Common ML Equations · ML Math Foundations

Models & layers

Name	Equation	One-line meaning
Linear model	$\hat{y} = w^\top x + b$	Weighted sum of features plus a bias.
Dense / affine layer	$h = Wx + b$	Matrix maps input $x$ to a new feature vector; `(d_out, d_in) @ (d_in,)`.
Sigmoid	$\sigma(z) = \dfrac{1}{1 + e^{-z}}$	Squashes a real number into $(0, 1)$ (a probability).
Softmax	$\mathrm{softmax}(z)_i = \dfrac{e^{z_i}}{\sum_j e^{z_j}}$	Turns a score vector into a probability distribution.
Attention scores (shape)	$QK^\top$	`(n, d) @ (d, m) = (n, m)`: score of each query against each key.
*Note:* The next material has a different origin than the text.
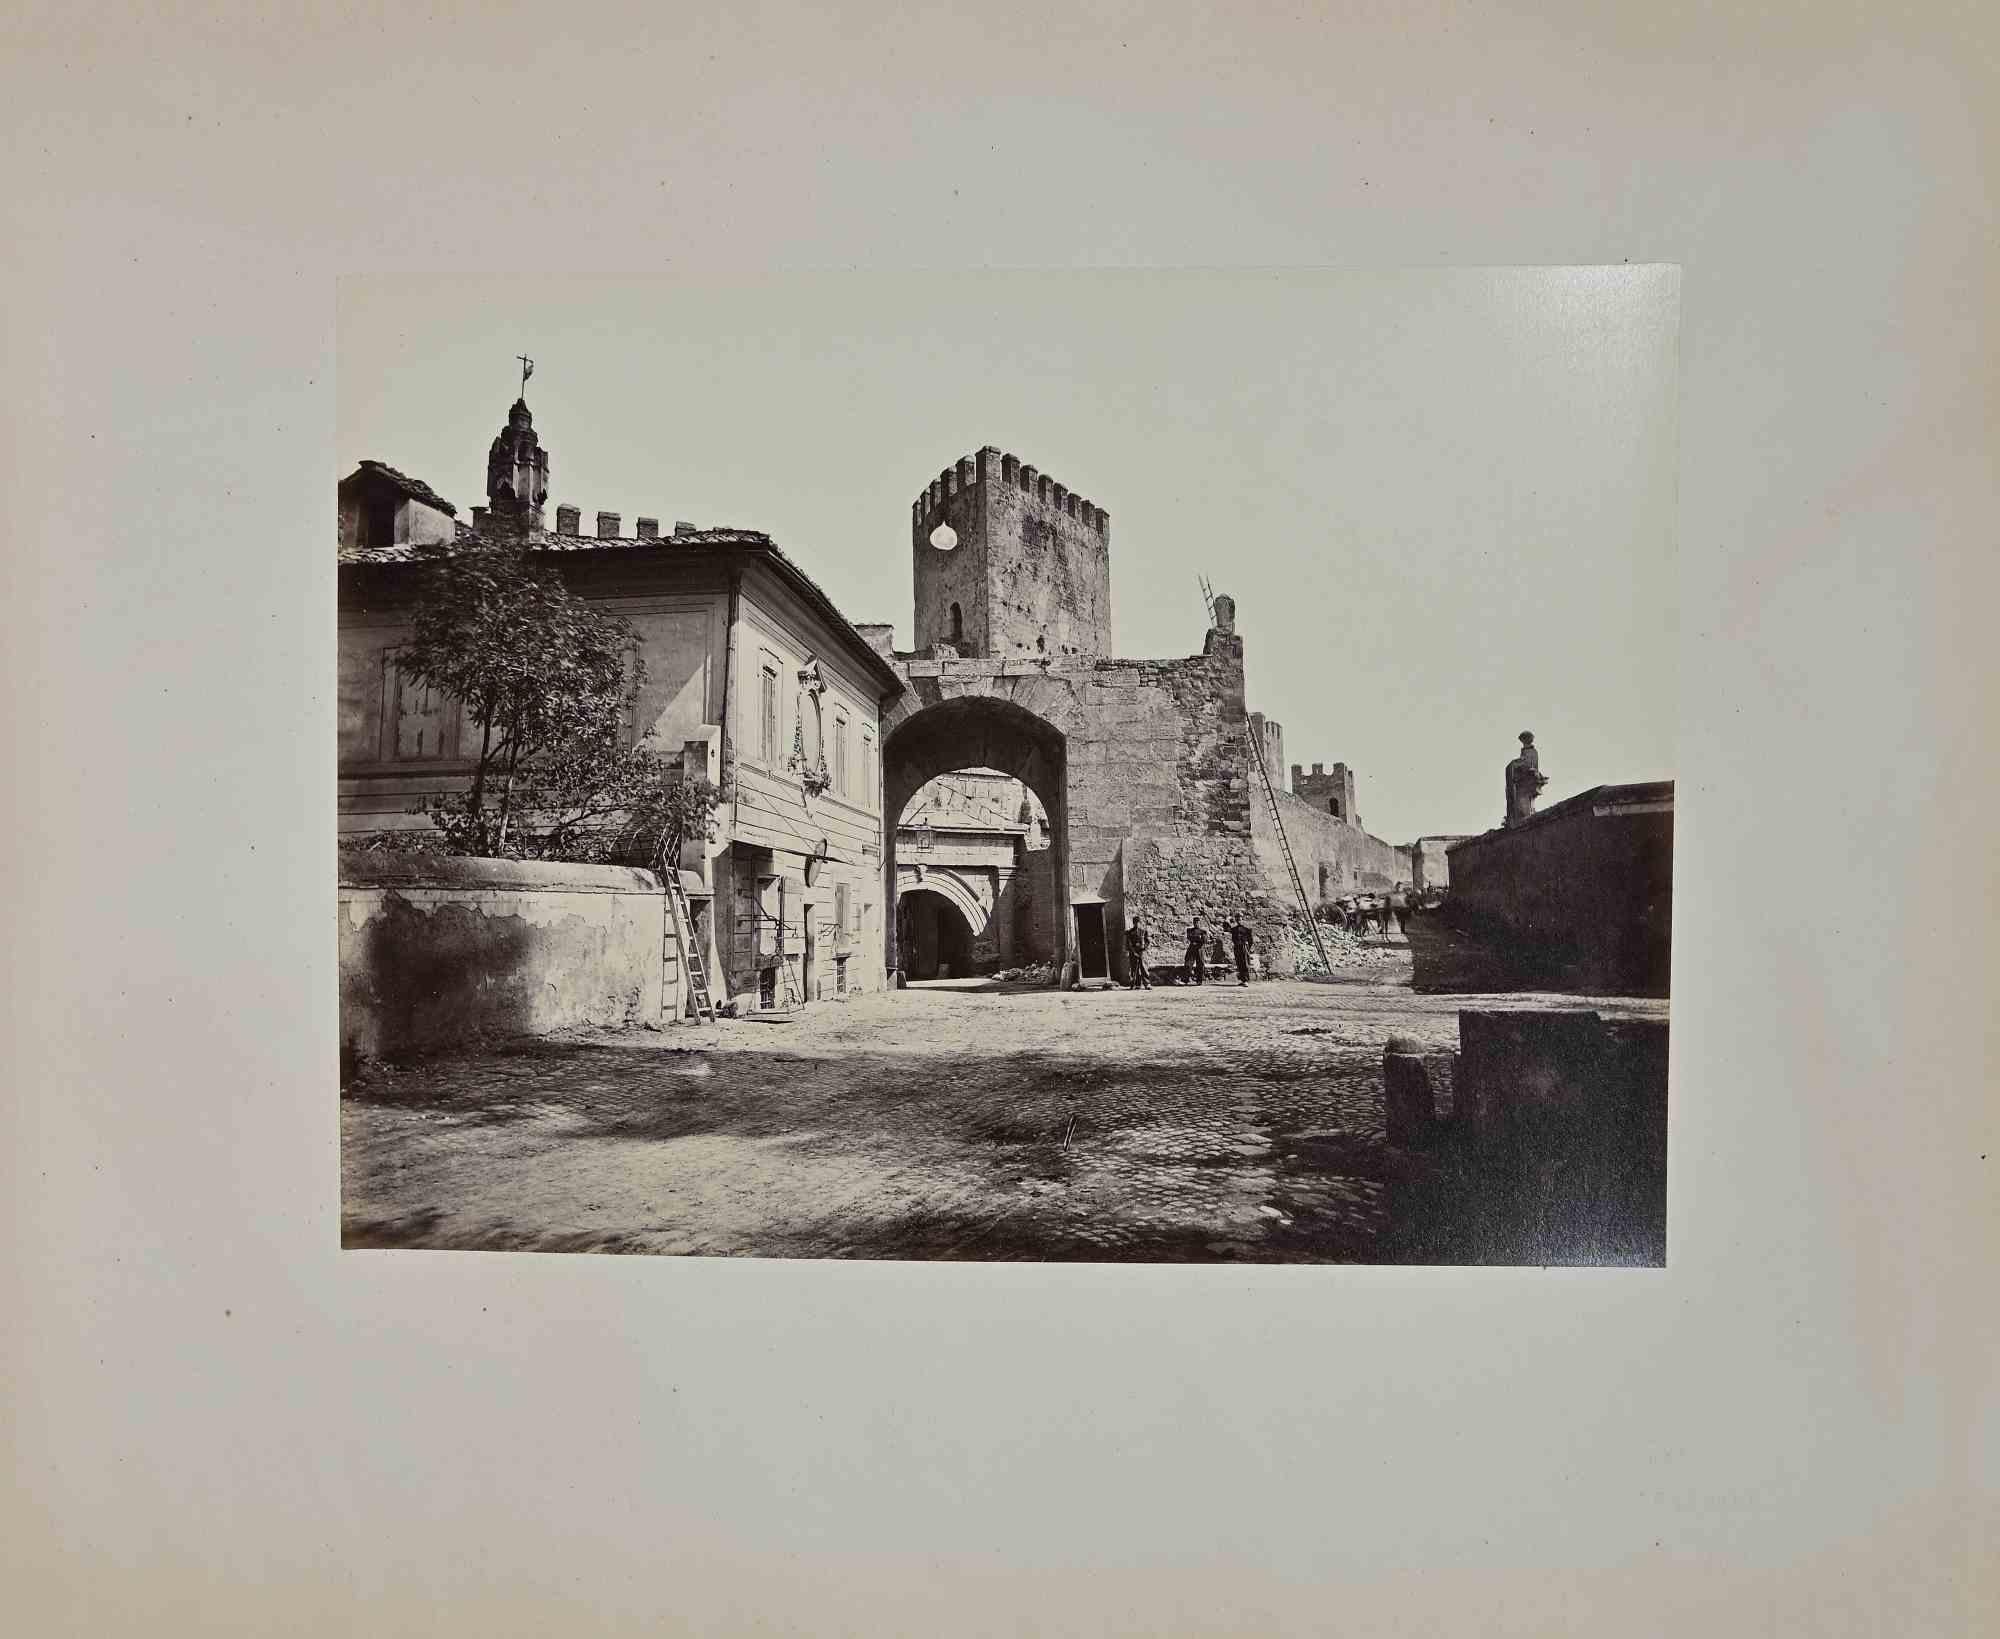 Vue des Monuments Paysages de Rome est une Photographie Vintage en noir et blanc sur papier réalisée par Francesco Sidoli photographe à la fin du 19ème siècle.

Bon état.

Name	Equation	One-line meaning
MSE	$\dfrac{1}{n} \sum_{i=1}^{n} (\hat{y}_i - y_i)^2$	Average squared error for regression.
Binary cross-entropy	$-\big[\, y \ln \hat{y} + (1 - y) \ln(1 - \hat{y}) \,\big]$	Penalizes confident wrong probabilities for a 0/1 label.
L2 / ridge penalty	$\lambda \lVert w \rVert_2^2 = \lambda \sum_j w_j^2$	Shrinks weights toward zero to fight overfitting.
Cosine similarity	$\dfrac{a \cdot b}{\lVert a \rVert_2 \, \lVert b \rVert_2}$	Angle-based similarity in $[-1, 1]$ , scale-invariant.

Name	Equation	One-line meaning
Gradient-descent update	$\theta \leftarrow \theta - \eta \, \nabla_\theta L$	Step downhill along the loss gradient with learning rate $\eta$ .
Gradient	$\nabla_\theta L = \left( \dfrac{\partial L}{\partial \theta_1}, \ldots, \dfrac{\partial L}{\partial \theta_k} \right)$	Vector of partials; points toward steepest increase of $L$ .